Saturday, 14 January 2012

Jack Benny Broke Up My Partner and I



A writing partnership is a wonderful thing - when it works. I know there are many men and women who climb that hill alone, I've done it often enough myself, but to have someone else alongside is heaven sent. I worked with a partner for nearly ten years.

The most important thing about a partnership - and there are many important things - but the MOST important thing is that you laugh at the same time at the same things. Okay, maybe one has a darker take on things than the other, or likes puns or appreciates physical comedy a little bit more, doesn't matter, what matters is that you share a sense of humour.

If you think of comedy as being like a structure made of fine crystal, whilst one of you is building it the other is throwing rocks at it.

For most of our partnership we shared a sense of humour. He was more intellectual than me, likes to strip it down, find out the root cause of why something was funny, I was more the instinct man but happy enough to peel back the layers and see if there was something we could learn and repeat.

He had a facility with lyrics, I could construct a joke. We laughed a lot, talked for hours and produced some decent scripts. Sometimes we worked in the same room together - though that was sometimes like pulling teeth, most times we brought our separate bits to the table and then put them together.

But for most of our partnership it was a long distance relationship. He moved to the opposite side of the country. We constructed our comedy on the phone. If the Internet had been around at the time it would've made things easy, doing it now with someone else is like writing in the next room. But me and my first partner were writing in the 80, and early 90's. We were only just getting to grips with computers. We'd bash things out on the phone and then write up the scribbled notes.

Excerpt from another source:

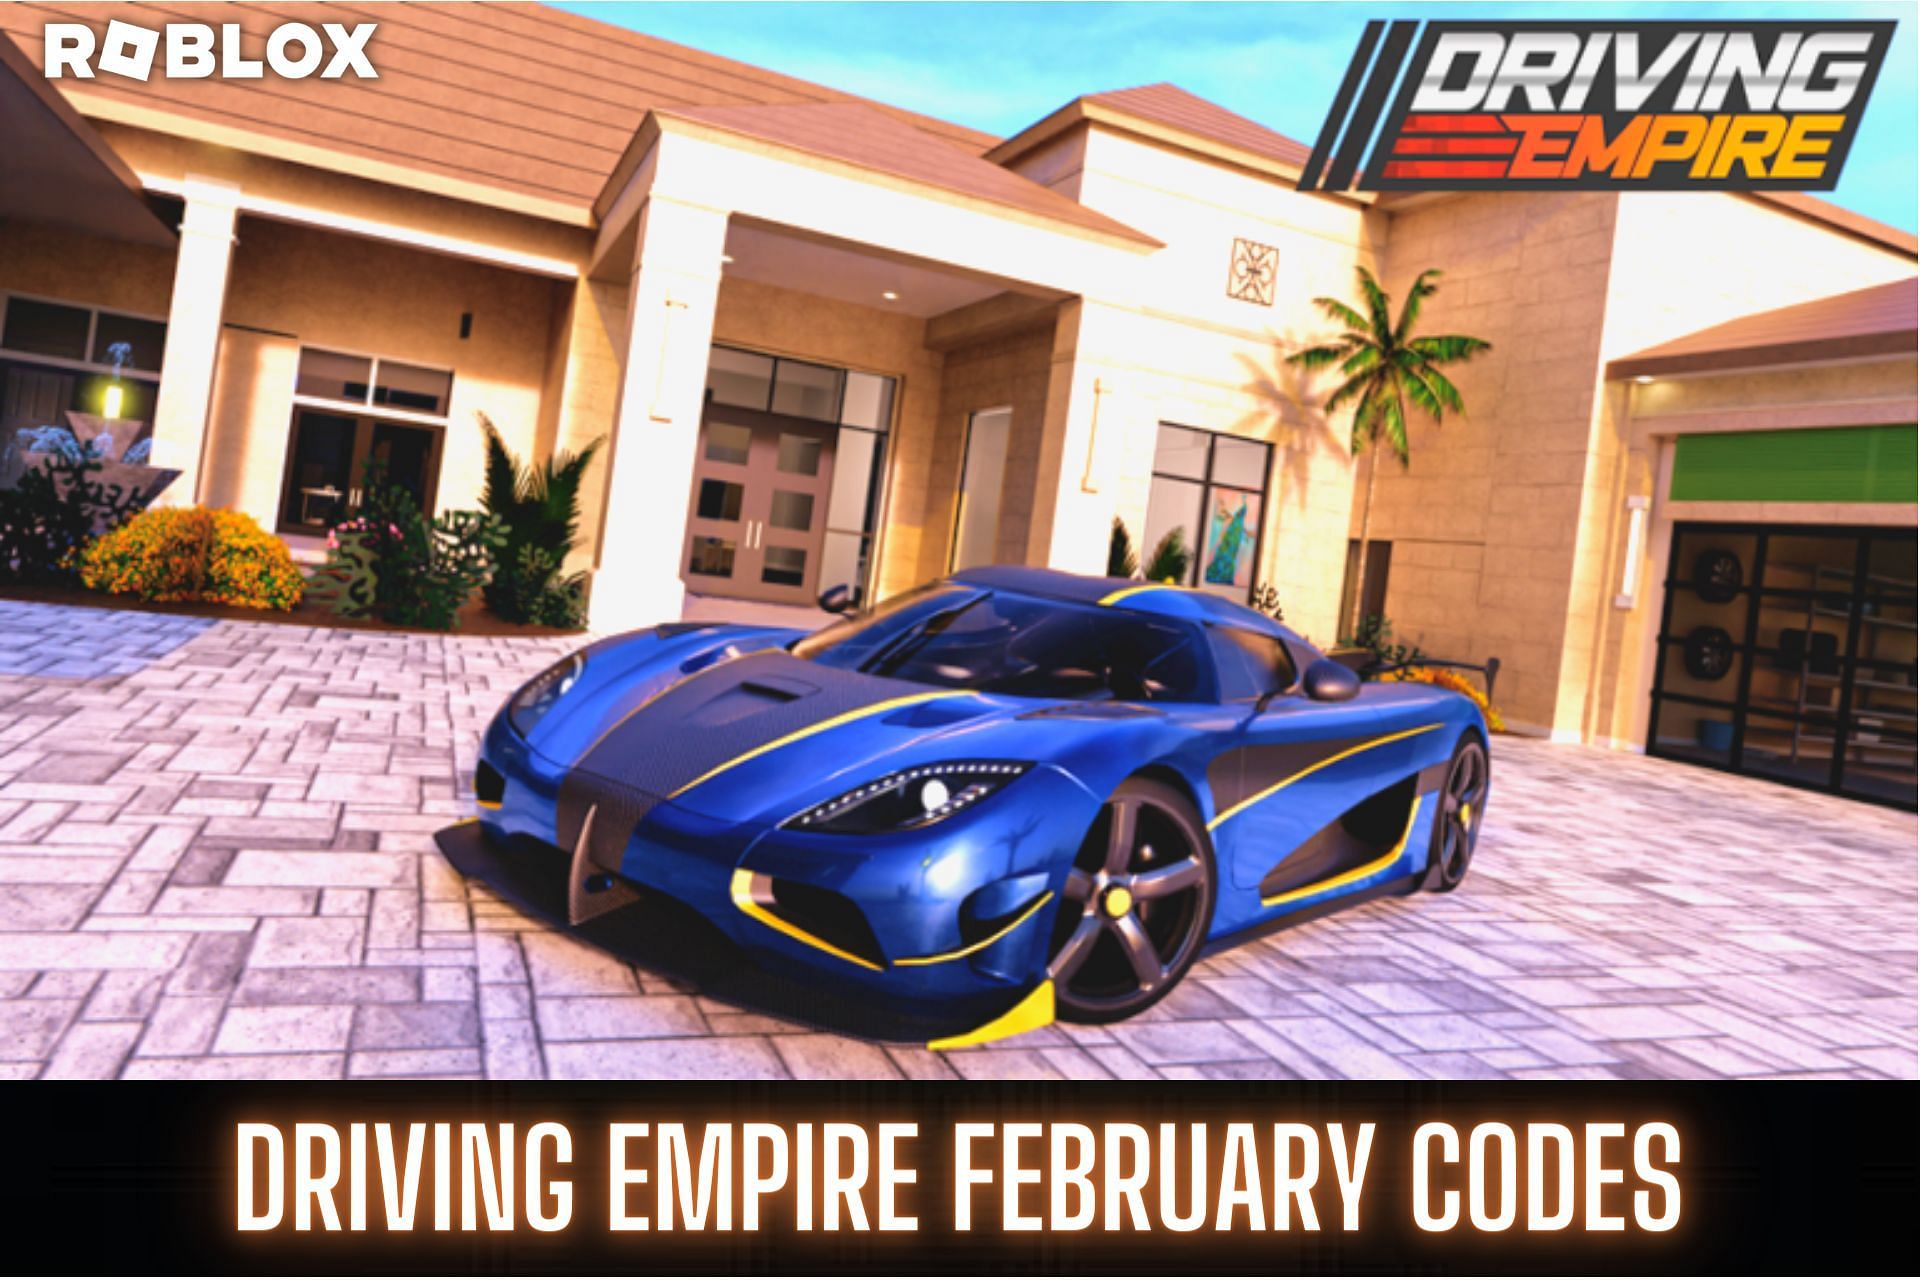 Driving Empire February codes

But if you write in a partnership you must both contribute equally. I'm not talking about every other line, very often who came up with what gets lost as one comes up with something and that something gets honed and changed and thrown out and brought back in a different form until 'who wrote what' is irrelevant. But you must both contribute, both bring the funny. Our partnership got out of kilter. One was doing a lot more work than the other and obviously so. Like a marriage where neither wants to face or confront the inevitable we had no future.

One day the movie To Be or Not To Be came up in conversation. A wonderful Jack Benny comedy from 1942, directed by Ernst Lubitsch and co starring Carole Lombard in her last role. It tells the tale of a polish theatre company during the early years of the second world war. Occupied by the Germans the players have to resort to a boring Hamlet rather than the zesty satirical stuff they'd been producing. In it the hammy actor played by Jack Benny adopts the identity of a Professor in order to discover if he is a spy - if you haven't seen it, find it, it's wonderful. Another member of the troupe impersonates Hitler.

My then partner insisted that Benny played Hitler. I said no, he played the Professor. No, he played  Hitler!

For the first time in our relationship things got nasty. He insisting that Benny played Hitler, I said no  he didn't. A real nasty argument ensued. And we never really made up after that.
Benny centre, 'Hitler' to his left.
It was a stupid argument. What did it matter who Benny played?  But he went his way I went mine. Whilst the Jack Benny argument wasn't the cause of the break up, like I said we'd been heading that way for some time, it's the moment I look back on and remember as the first time we really didn't agree and couldn't find a funny way out. It was the no way back moment. We didn't trust each other any more.

On such small things our stories often turn. It's not the BIG moments that reveal the most about characters. It's often the small inconsequential things that bring everything to a head.